I bring a balanced approach to council as well as common sense. I believe in efficiency and effectiveness, which is something that I am proud to say our current staff brings to the table. I look forward to focusing and strategically planning for the hyper-activity that is about hit our community. Increasing our tax base and attracting new business to our community is key to our success. It has been both an honour and a privilege to represent the City of Prince Rupert and I would love the opportunity to continue to do so for the next term.
I have owned and operated my own business for over 30 years, I was born, raised, married and raised a family here. Six generations of my family have lived in Prince Rupert.
My grandfather Ciccone always told stories of how one day Prince Rupert would be a great port city. We are on the verge of becoming just that. Prince Rupert is my home and I am deeply committed to working for the good of my community.
Prince Rupert has been my home since 1957.
I was first elected to council in November, 2002. My focus on council is on seniors, youth and industry. Committee activities include the Performing Arts Centre board, recreation centre, executive director at the Seniors Centre and president of the Community Enrichment Society.
As the previous owner of a local hair salon, I have been active in the business community for many years. I am a tireless ambassador, always eager to participate in local events both as a resident and a council representative.
I am interested in promoting our city and speaking for all citizens, with a special interest in ensuring a good quality of life for seniors and youth.
I have gained much knowledge and experience in the 12 consecutive years on council and I thank the citizens of Prince Rupert for their support and allowing me to serve them. I am committed and dedicated to listening to the concerns of the people of Prince Rupert.
I am approachable, accountable and affordable. I am looking forward to serving the people as their representative on council for this term. I am committed to making sure the voice of every citizen is heard and represented on council, now and in the future.
The qualities that define my character are those I will apply to the role of city councillor: insight, passion, and commitment to achieving results.
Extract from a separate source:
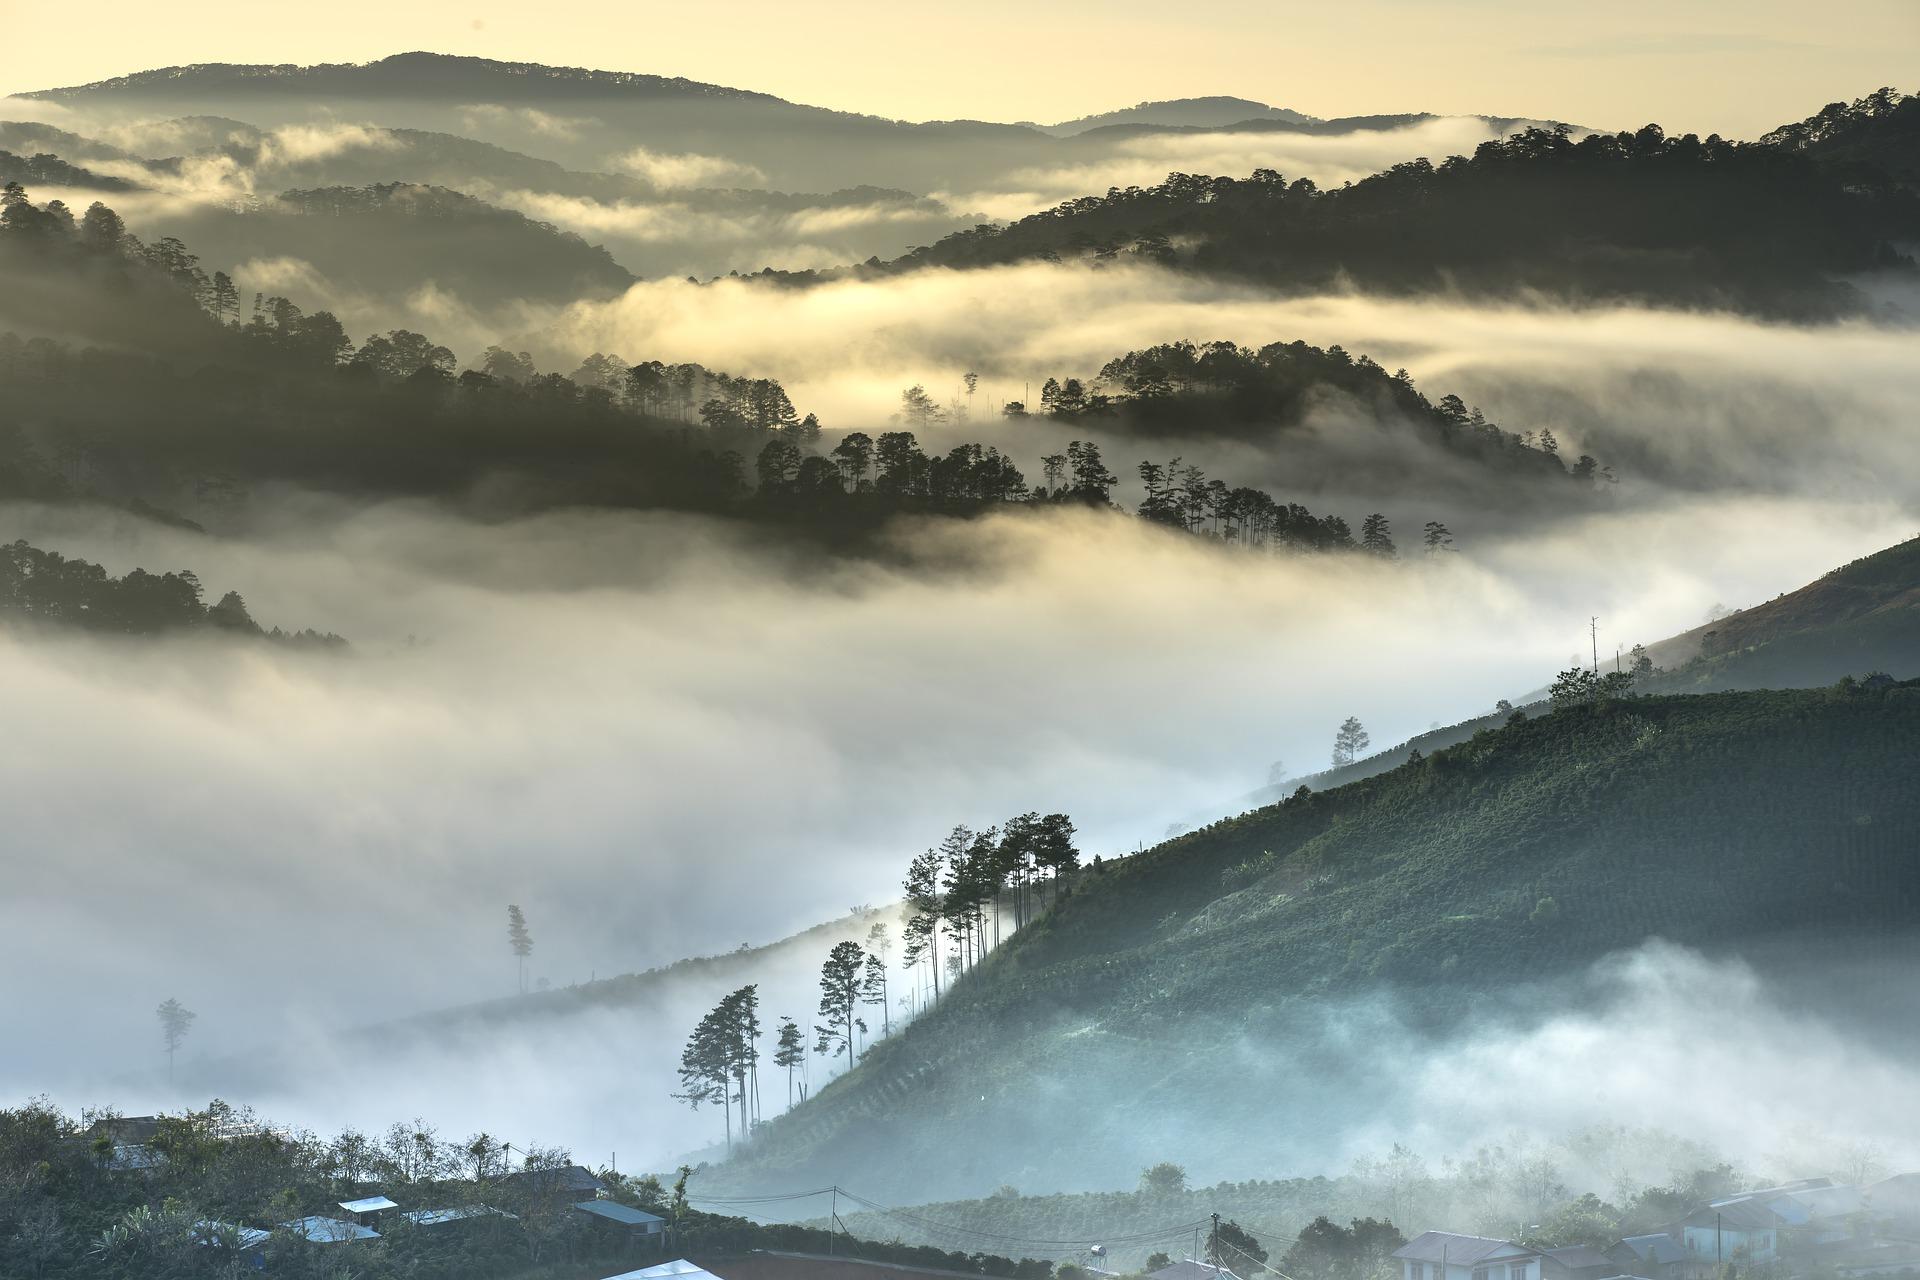 Da Lat in Vietnam, misty mountains

I was born and raised in Prince Rupert and graduated from Prince Rupert Secondary School before completing a Bachelor’s Degree in International Development at the University of Winnipeg. I am currently employed by the local Nisga’a Society where I have managed a portfolio of business initiatives and so far solicited $400,000 towards economic development projects. I have also worked under contract at City Hall as a grant writer where I was able to secure over $1.25 million in funding for local projects, winning an international grant-writing award in 2012.
I have also served as a director of the Chamber of Commerce and have volunteered in Prince Rupert as a soccer coach, cruise ship ambassador and Skeena River Relay volunteer.
My key priorities for city council are enhancing accountability, increasing efficiency, and planning for prosperity. I believe my unique skill set and experience will foster fresh perspectives in our local government.
It’s time for the city to focus on growing our tax base. It’s time for council to focus on attracting new businesses, and to focus on encouraging existing businesses to expand. But most of all, it’s time to prepare Prince Rupert for prosperity.
Throughout this campaign, I’m reaching out to every Rupertite to hear about what sorts of change matter to us as a community. To learn more, please visit blairmirau.ca.
I am a married father of three daughters, I have lived in Prince Rupert since I was 1.5 years old.
I am currently self- employed as a building contractor. I remember the good times of the past and the bad times that followed. Most of my adult life has been watching this city fall into disrepair. Poor decision-making from past councils has led us to a dark time financially and left us with infrastructure that is crumbling.
It is now time to break this vicious cycle of taxes up, services down and spend within our means. Unfortunately we have been put in this position but if we don’t take control of our destiny we will continue to follow down the same path.
I am an optimist and I do wish great things for our city, but I am also a realist and know that the way things have been run has not worked and caused epic failure. My hope is to help set this runaway train back on the right track and roll into a city of financial responsibility. We need to plan for the future but spend in the present.
This is a critical time in our city, let’s fix what is broken, let’s not kid ourselves thinking that we will survive selling purses to the tourists. We need jobs, affordable housing, and a city that is open for business in order to return to our former glory!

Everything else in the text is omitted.